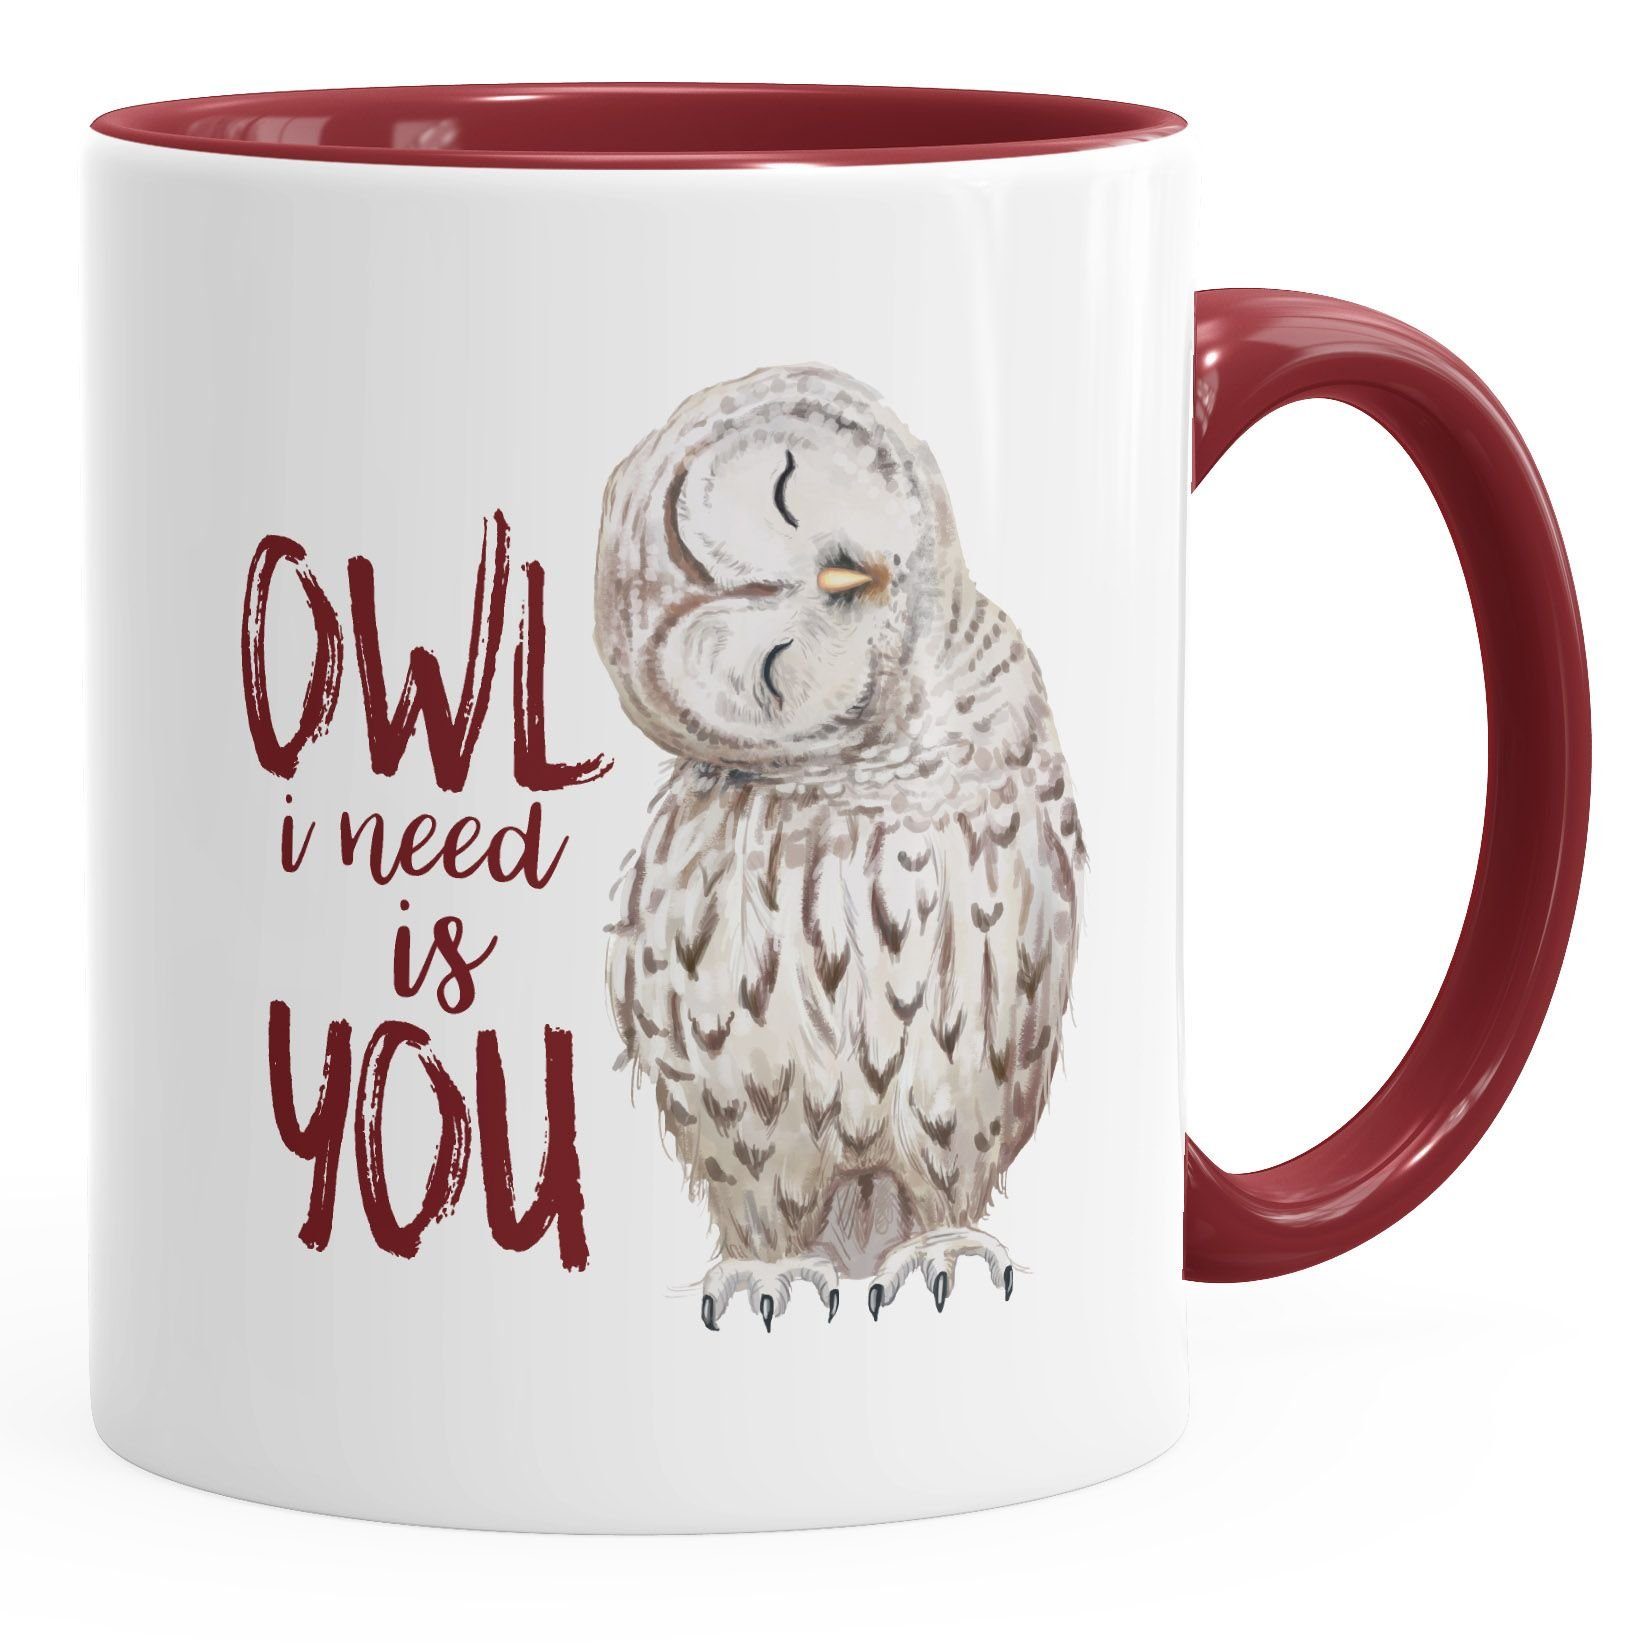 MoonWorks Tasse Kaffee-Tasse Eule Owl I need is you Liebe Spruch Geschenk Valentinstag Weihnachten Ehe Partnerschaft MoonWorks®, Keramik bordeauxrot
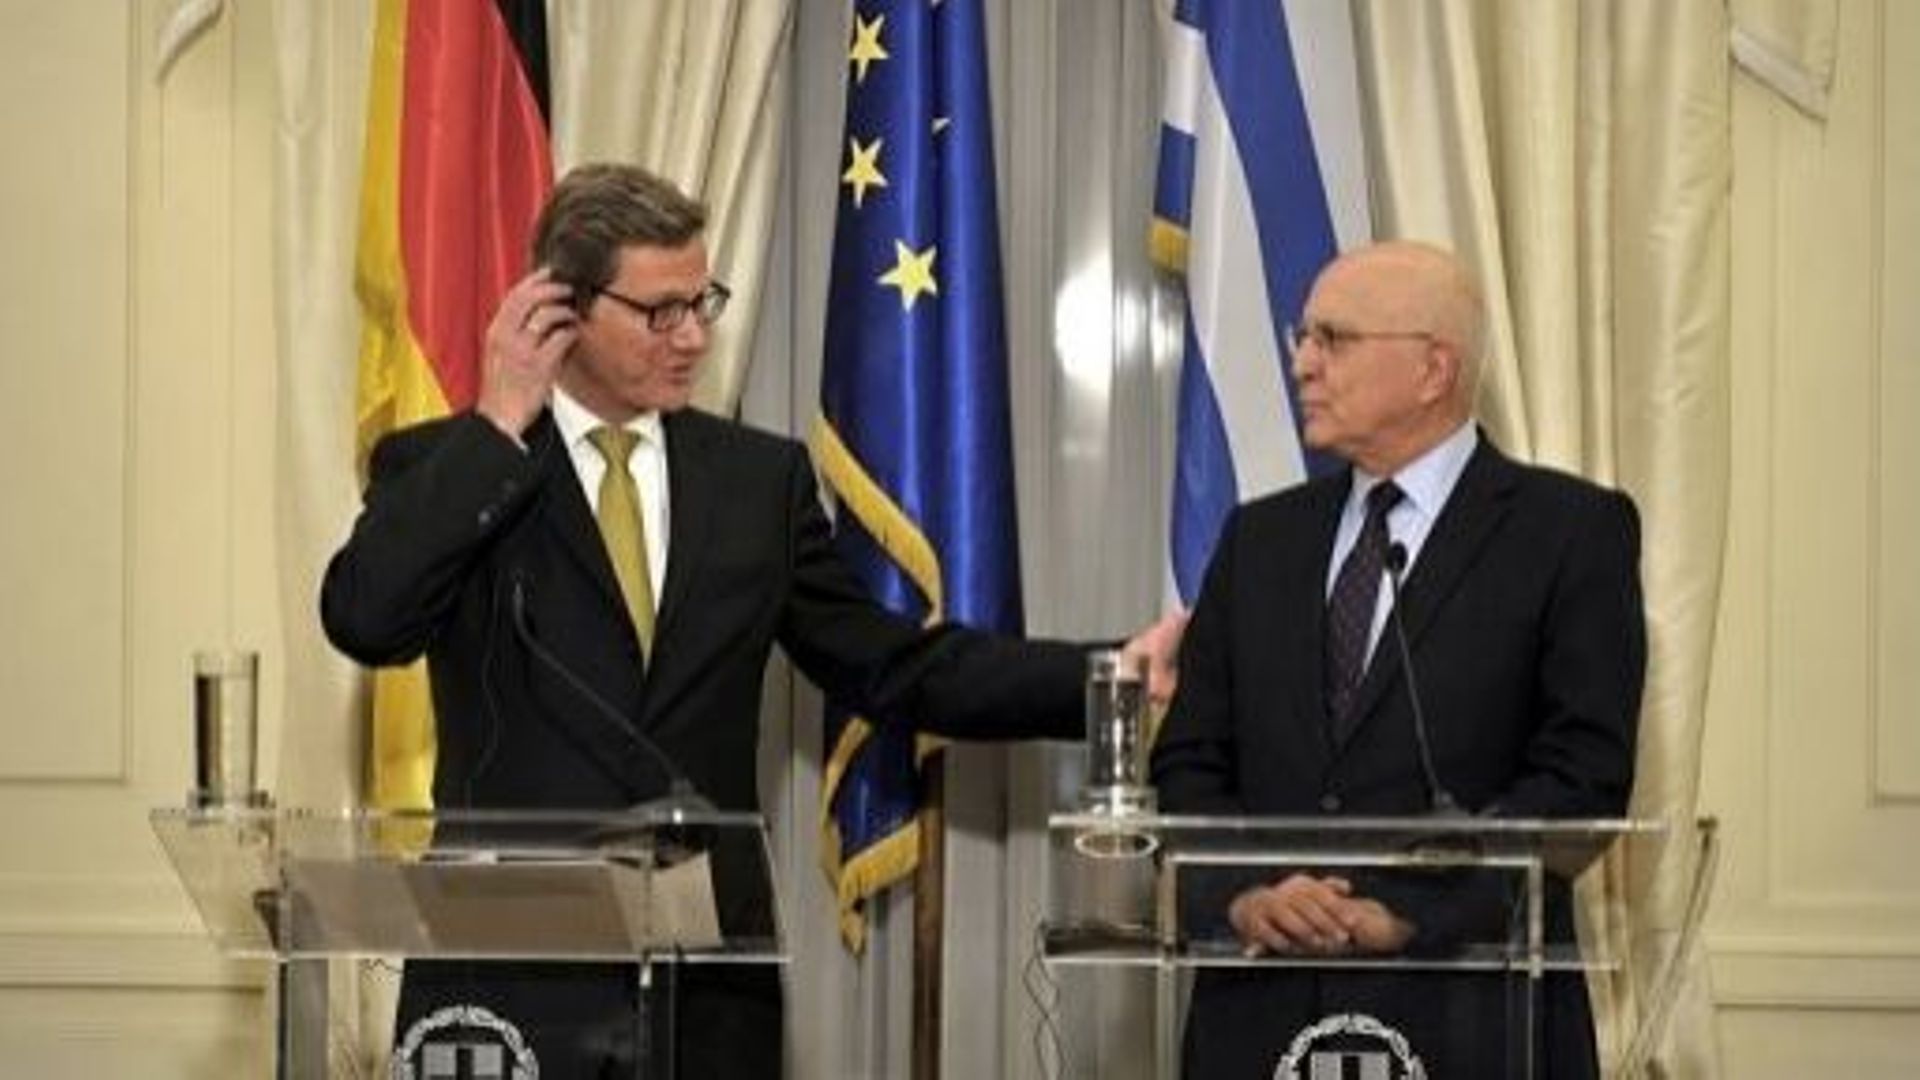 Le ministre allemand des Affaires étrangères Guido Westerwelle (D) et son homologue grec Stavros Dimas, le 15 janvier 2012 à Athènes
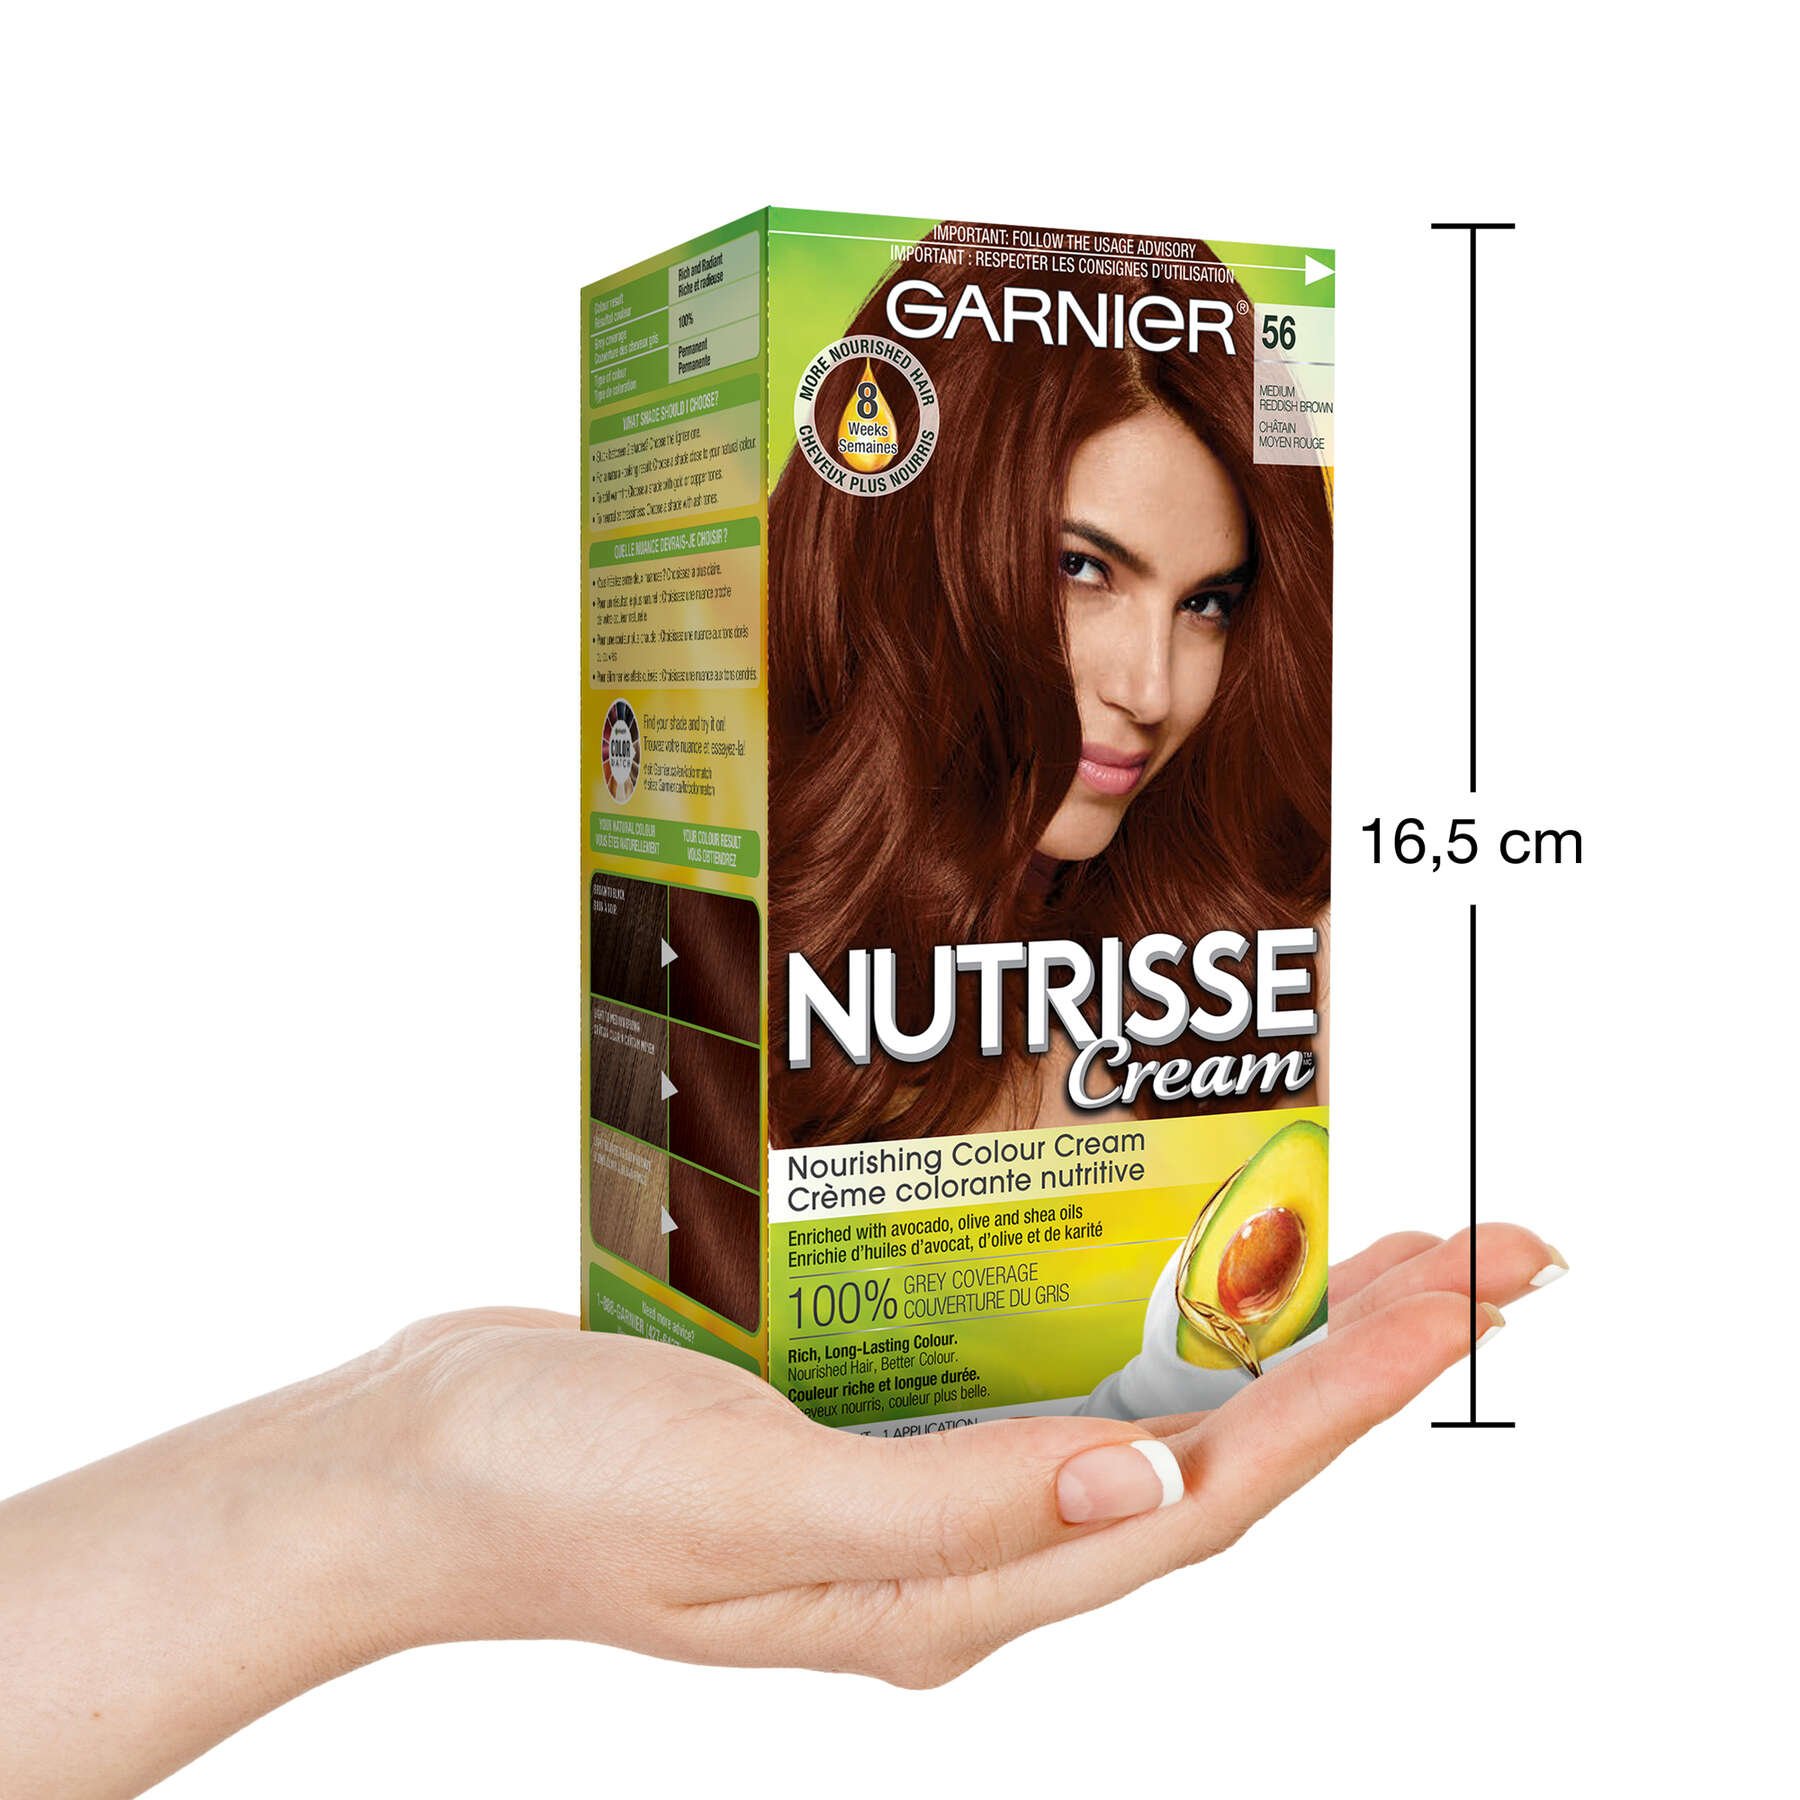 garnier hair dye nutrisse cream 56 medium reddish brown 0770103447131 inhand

• WORK REQUEST: Strip the images and return the remaining data exactly.

• WRITTEN SOLUTION:
 MoonWorks Tasse Kaffee-Tasse Eule Owl I need is you Liebe Spruch Geschenk Valentinstag Weihnachten Ehe Partnerschaft MoonWorks®, Keramik bordeauxrot
 Le ministre allemand des Affaires étrangères Guido Westerwelle (D) et son homologue grec Stavros Dimas, le 15 janvier 2012 à Athènes
 garnier hair dye nutrisse cream 56 medium reddish brown 0770103447131 inhand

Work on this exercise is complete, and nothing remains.